Over the past few weeks, the administration of President-elect Ferdinand Marcos Jr. has been busy not only training members of the new cabinet, but also meeting with members of the diplomatic corps. Along with entertaining pleas from leaders of different countries, led by the superpowers of the United States and China, their representatives also personally reached out to Marcos, telling him of their desire to continue, and even improve, good labor and trade relations, pandemic recovery, climate change and cultural exchange.
Among the countries that have reached out is the United States, a traditional ally of the Philippines. Assistant Secretary of State Wendy Sherman met with the President-elect on June 9, 2022 to convey Washington’s desire to forge a stronger economic partnership and alliance with Manila. Sherman, for the record, is the first senior foreign official to meet Marcos personally since the national elections.
“We discussed strengthening our longstanding alliance, expanding people-to-people ties, deepening our economic relations, promoting human rights and preserving an Indo- Free and open Pacific,” Sherman said in an official Tweet. The State Department also reiterated the purpose and scope of the meeting, noting that “both nations have agreed to reinforce the importance of public-private partnerships, clean energy, and the digital economy. “.
Regarding clean energy, Sherman said the United States stands ready to support the country in its transition to renewable energy because it is “something that is essential for the whole world.” “For the safety of our planet, this is a topic of conversation in every government discussion I have. As countries attempt to transition to renewable energy such as wind, solar, small efficient modular nuclear reactors , the United States is happy to work with them to provide any technical assistance (we have) experts to help us think through how to make this transition.
Sherman also used his visit to the country to stress Washington’s commitment to the Mutual Defense Treaty (MDT) with the Philippines. “The United States remains committed to standing with the government of the Philippines to uphold the rules and laws that underpin the international maritime order,” she said.
In less than a month, the Philippines and the United States will mark the 76th anniversary of the establishment of diplomatic relations. This makes our country the oldest treaty ally of the United States in Asia.

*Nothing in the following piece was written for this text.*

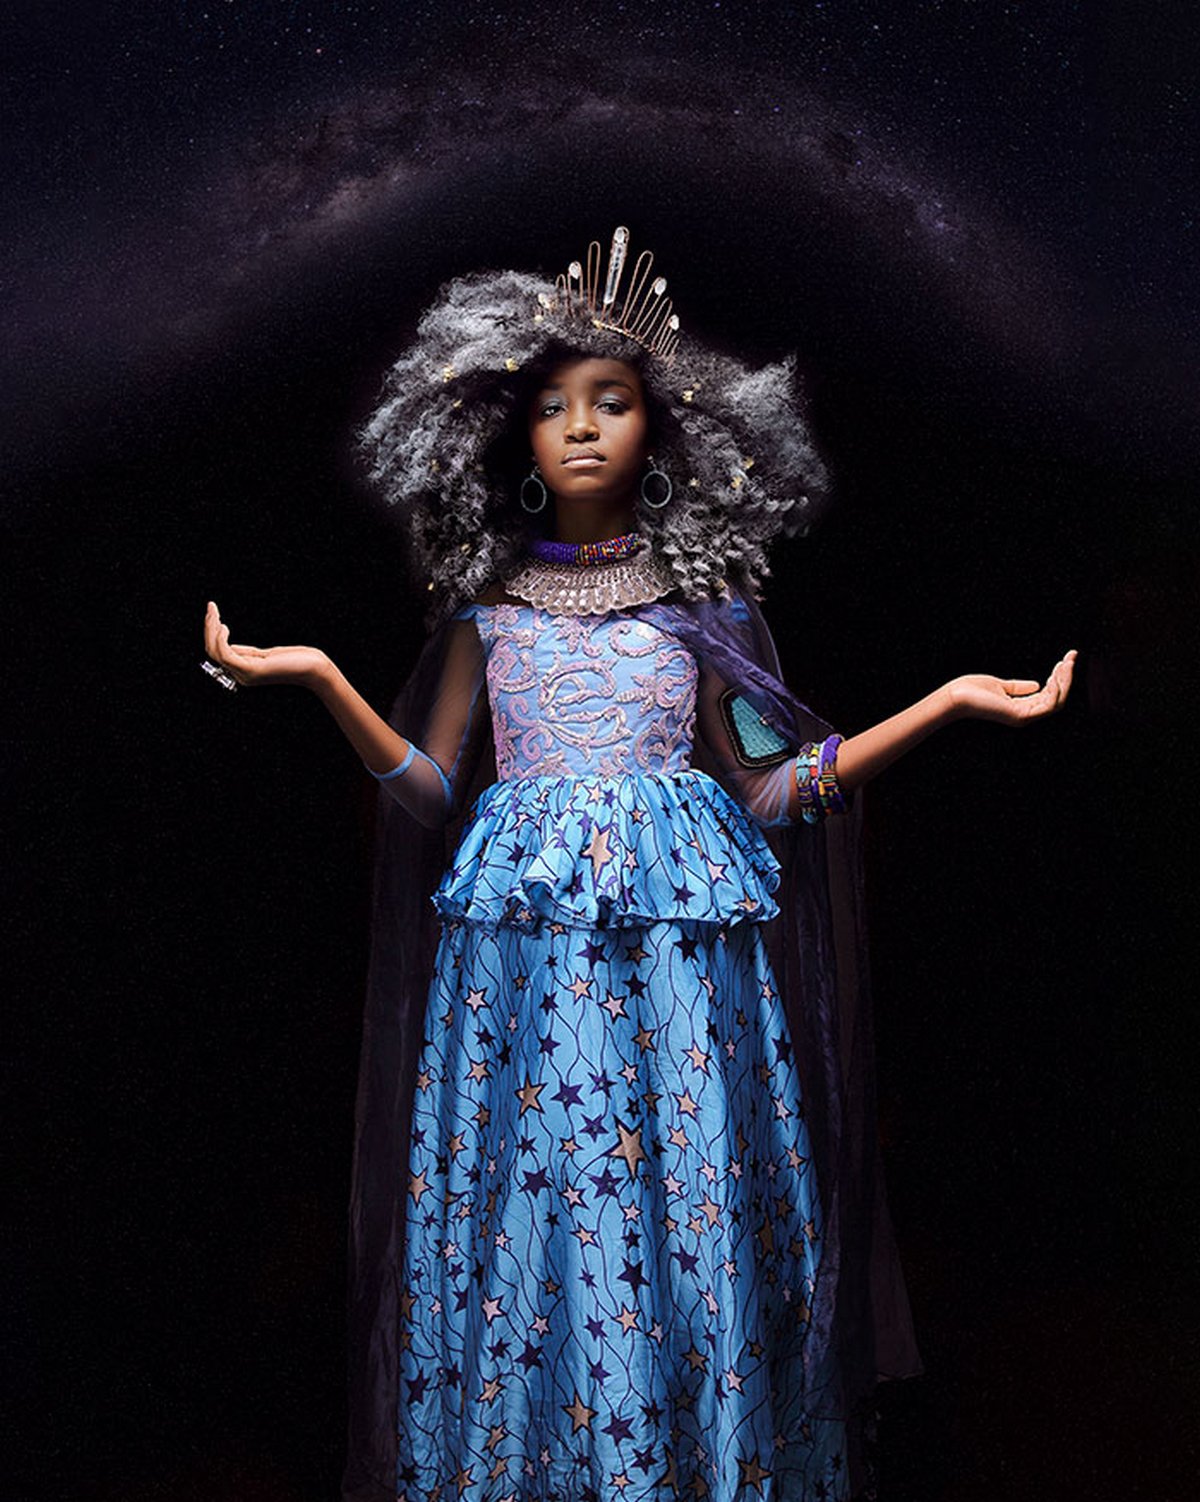 Ces magnifiques photos montrent à quoi ressembleraient les princesses Disney si elles étaient afro-américaines

In addition to a common historical and political background, the two countries are also major trading partners. Before the pandemic, bilateral trade reached more than US$27 billion in 2019, making the United States the Philippines’ third-largest trading partner. With the positive reception and criticism of the talks, the new administration expressed optimism to work with the United States on a much deeper and more meaningful scale.
It may be recalled that among the first visitors to Marcos was the American charge d’affaires Heather Variava. Marcos was able to convey at that time that “security issues played an important role in relations with the United States”. “We discussed security concerns, the return or re-signing, or the extension of the Visiting Forces Agreement (VFA) and how it could be redefined to take into account the the rapidly changing geopolitical climate, especially with what’s happening in the world,” Marcos said. .
After taking the oath in front of the National Museum at noon on June 30, the new president must begin to explain to the world the main direction of his foreign policy. There will be many problems, different points of view and inevitable disagreements along the way. Whatever this path, may the path taken by our country lead to peace, progress and prosperity for all.